We have now moved into serious Word of the Year territory. The American Dialect Society has presented some of its WOTY candidates (the vote will take place on Jan. 7). A Word of The Year should be
  • new or newly popular in 2010
  • widely or prominently used in 2010
  • indicative or reflective of the popular discourse
Usually, the most entertaining words or expressions are nominated in the subcategories "most unnecessary," "most outrageous" (think 'death panel'), "most euphemistic" word of the year.

So what are some of the words that linguists have nominated?

Update Jan. 7, 2011: You can now see a list of the words nominated in the "minor categories"here.

Ben Zimmer, producer of The Visual Thesaurus and columnist for the New York Times Sunday Magazine, lists the following words (among others): mama grizzly, to man up, shellacking, gleek, vuvuzela, static kill, hacktivism, belieber (fanatic fan of Justin Bieber, in case you're wondering), thumbo (a typo caused by thumbs-only text messaging), enhanced pat down, junk (euphemism for a man's private parts, think 'don't touch my junk'), and opt out.

Edited to add: Zimmer's final choice is "junk."

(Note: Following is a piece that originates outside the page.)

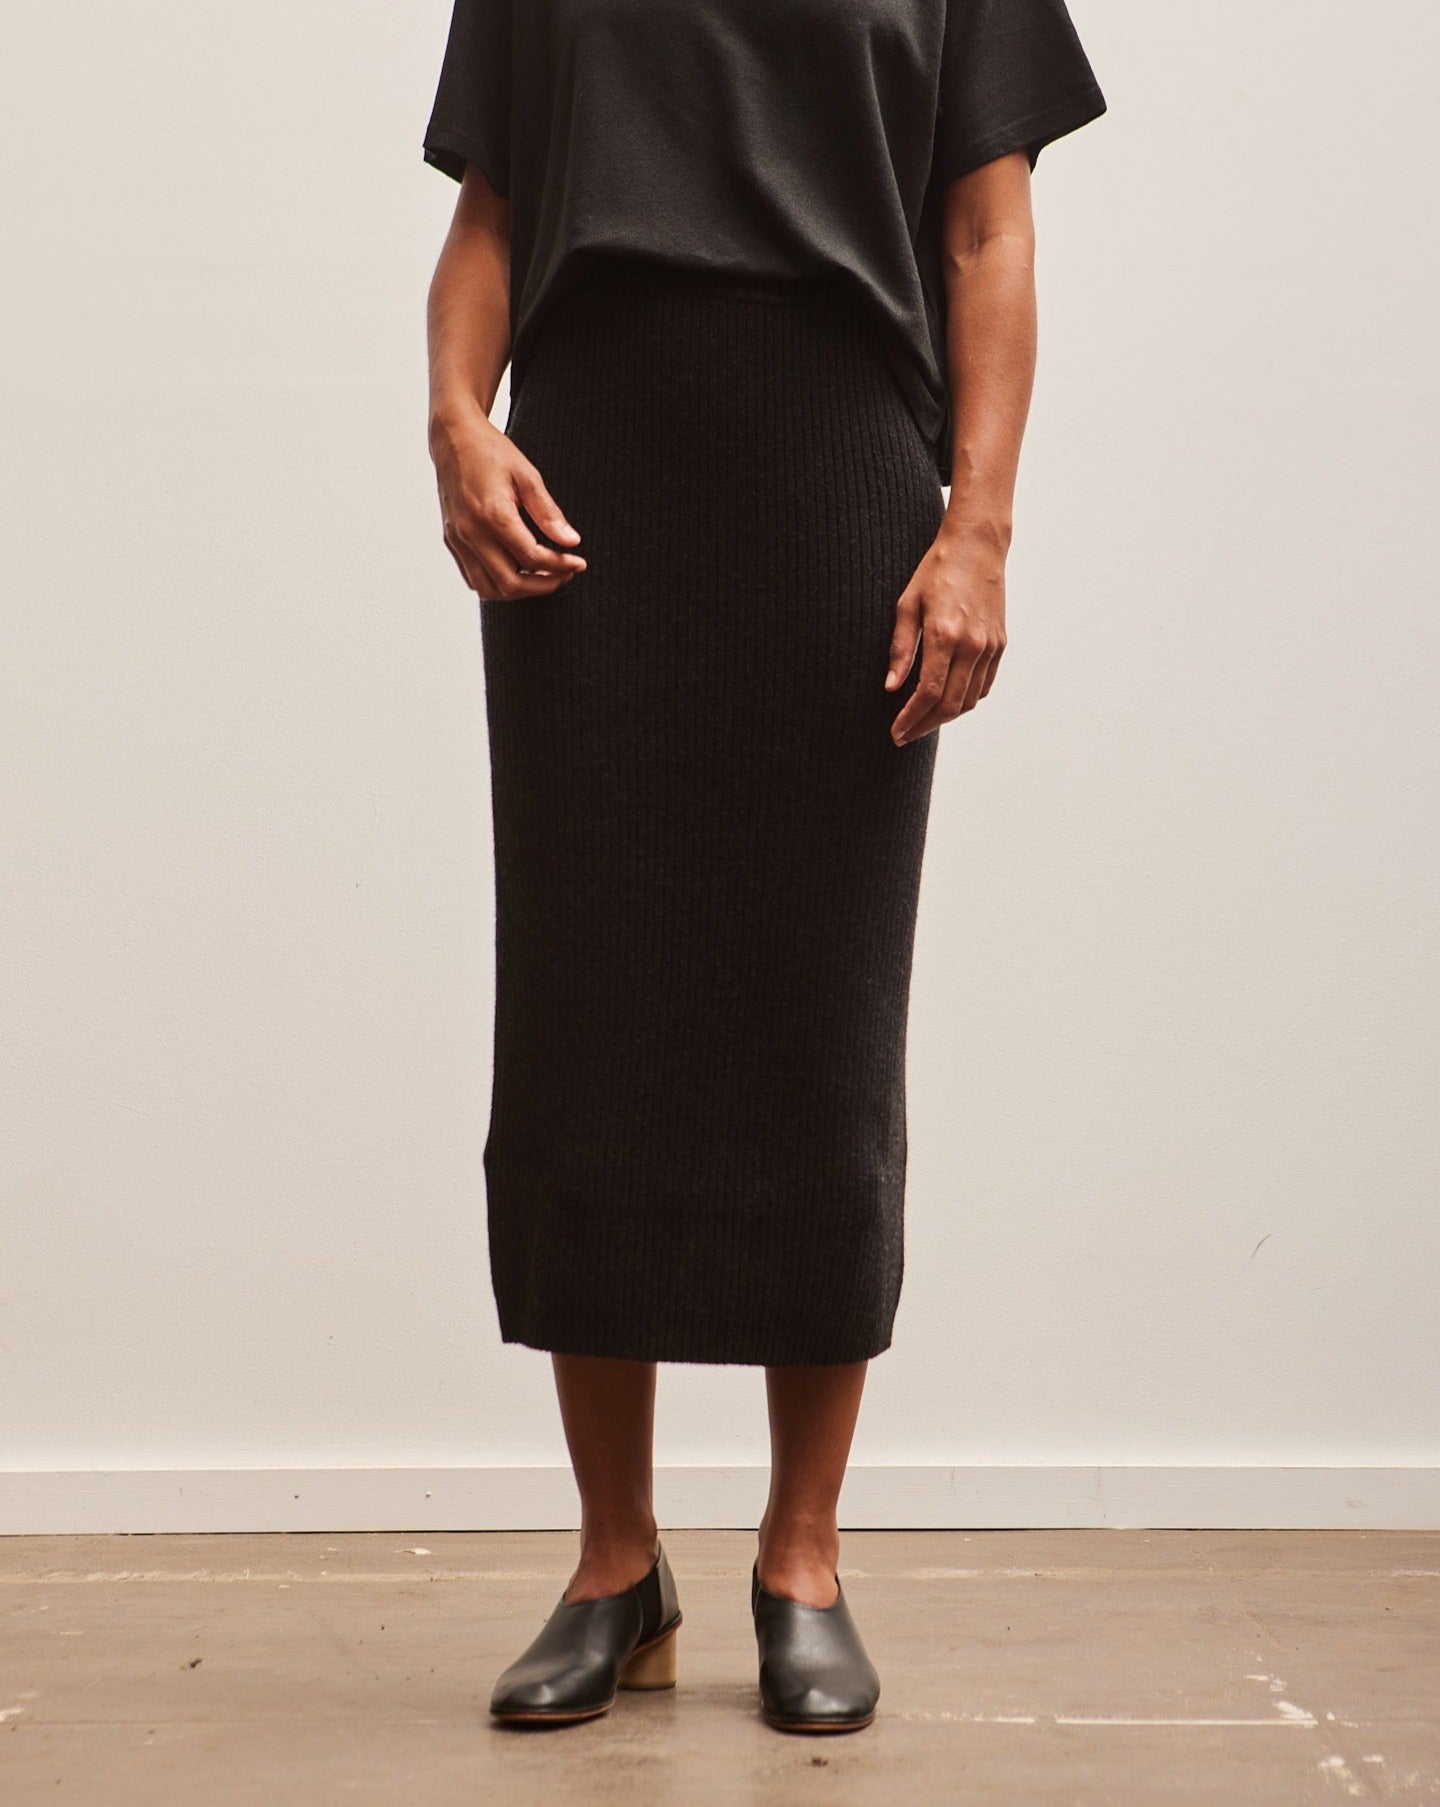 Lauren Manoogian Rib Tube Skirt, Black Melange

Grant Barrett, board member of the ADS and cohost of the radio show "A Way With Words," published these words in the New York Times: belieber, coffice (a coffee shop used as an office -- though I must say, I get more of a "coffin decorated with office paraphernalia" vibe), the Justin Bieber (an unflattering haircut),  halfalogue (the part of a conversation one can't help overhearing when someone makes a cell phone call in public), mamma grizzly, refudiate (the -- by now -- well-known Palinism), shellacking, poutrage (pretense outrage).

It seems that my students were doing really well! They also picked Gleek, vuvuzela, static kill and other words relating to the oil spill disaster, words relating to the pop-phenomenon Justin Bieber and to communication via cell phones. Looking at these lists, can I change my mind? I am still pretty sure that a word from politics will win in the overall category (while a word like "halfalogue" might win in the category "most creative word") , but my money is now on the more dynamic to man up or, alternatively, on getting shellacked. Both capture the machismo turn in politics that characterized this year very well, both are more versatile than, say, Tea Party, which is really just a proper name, and, last but not least, both are verbs (or rather verb forms) -- not stiff nouns or sissy adjectives.